Of more interest, though, is a new 'conversation view,' which aggregates and tracks multiple messages belonging to one conversation. A conversation cleanup feature can pare down a conversation involving many e-mail participants to just those involving selected people. It's easy, too, to ignore or remove a conversation altogether with context-sensitive options that appear when you right-click a conversation thread.
TAKE TO THE WEB
You don't have to stay tied to one computer to work with Office 2010 documents, thanks to the still-in-beta Office Web Apps (http://bit.ly/6JKlAh). These online versions of Word, PowerPoint, and Excel will be free to Windows Live members - a direct result, no doubt, of the competition offered from Google Docs.
Not as robust as the desktop-based versions, Web Apps will nevertheless allow Office 2010 owners to work, store documents, and collaborate directly online. Owners of Office 2010, in fact, won't even have to sign up for Web Apps - they'll just choose Save to Web from any Office 2010 app, visit SkyDrive, and follow the instructions to get started.
Others can start using Office Web Apps beginning June 15, the official launch date.
BOTTOM LINE
So is Office 2010 a suite you'll feel compelled to run out and buy? Certainly, if you're still happily producing documents with Office 2003 or 2007, you can stay put without penalty.

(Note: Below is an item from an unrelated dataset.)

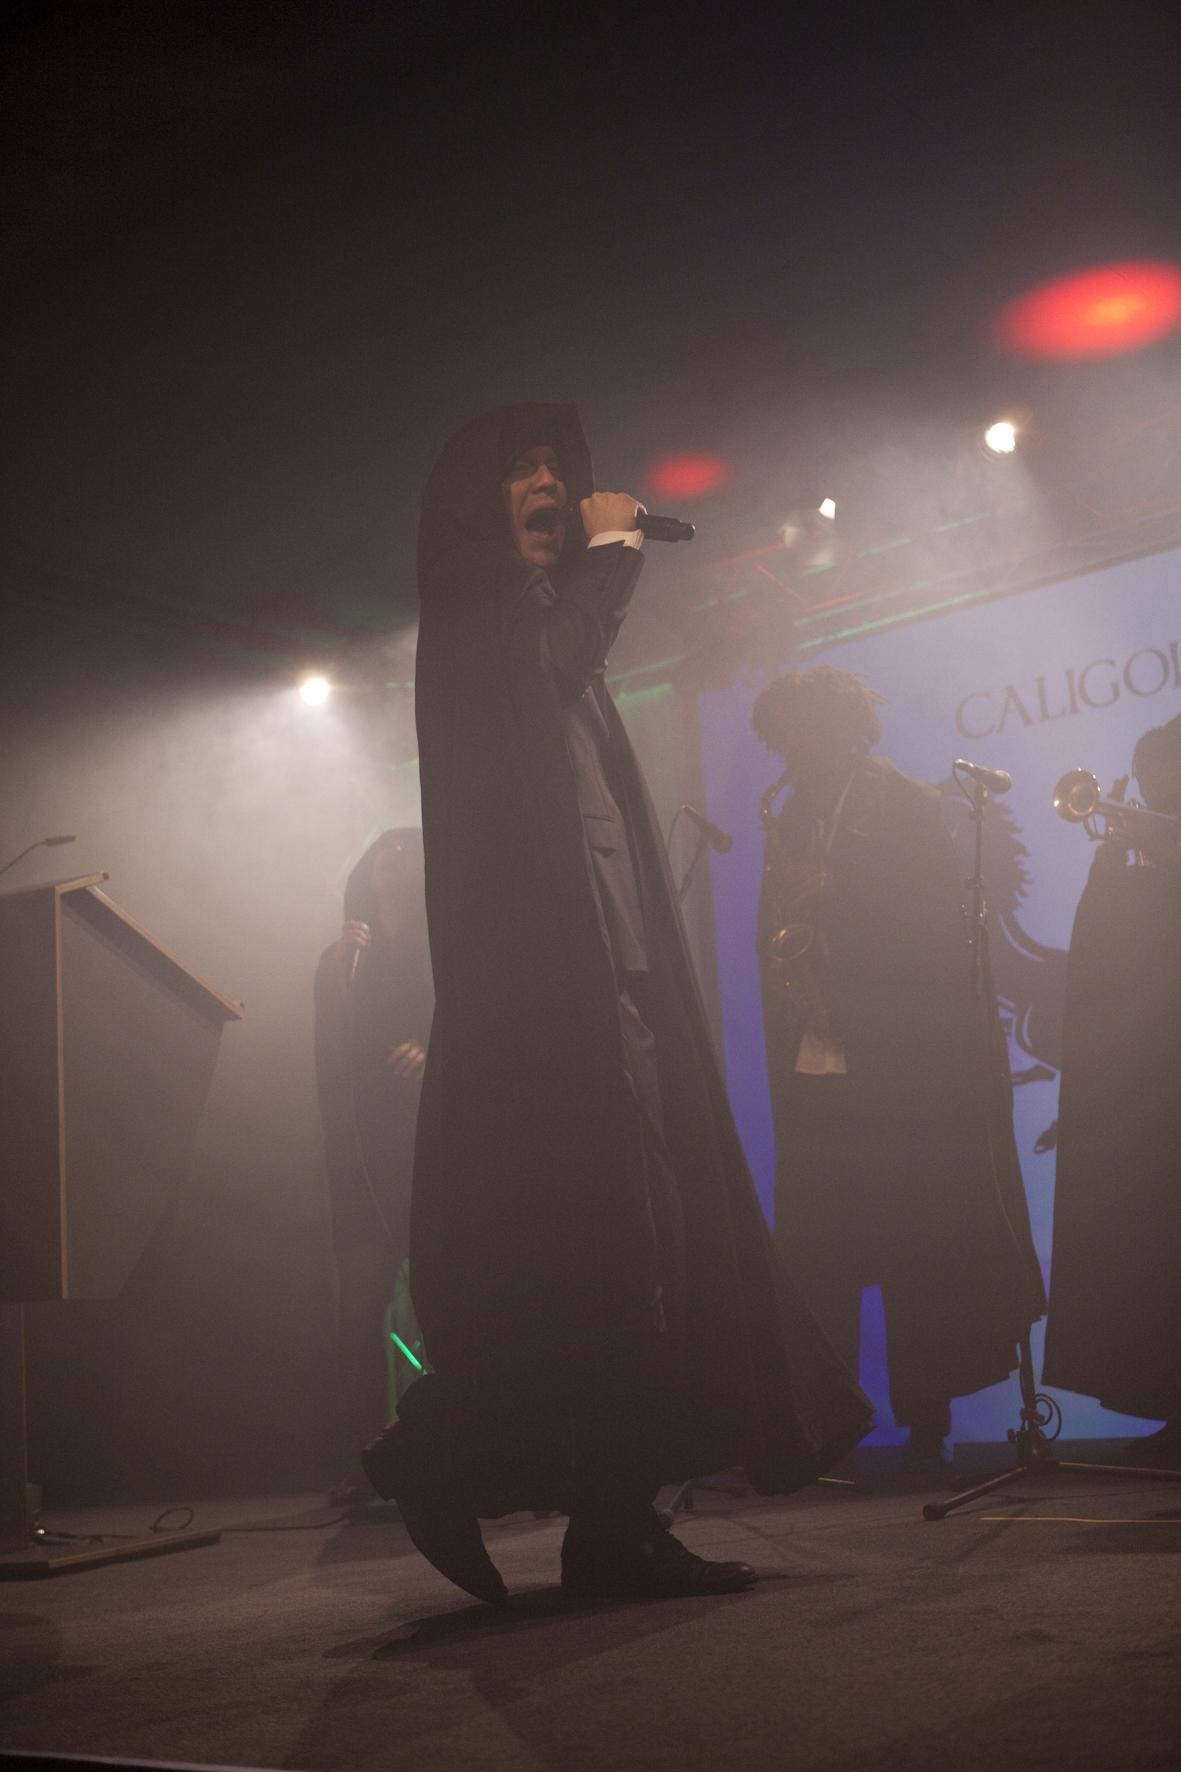 Caligola feierten zum Abschluss der Awards ihre Livepremiere.

But for those who want or need to be on the vanguard of computing, there's little doubt that Office 2010 is more than a routine upgrade to the world's most popular productivity suite.
Office 2010 spearheads the roll-out of a suite of technologies - desktop-based, server-based, and web-based - which, taken together, provide a compelling bridge from the static computing environments of yesterday to the amorphous workplaces of tomorrow. And it's a bridge that, sooner or later, most will want to cross.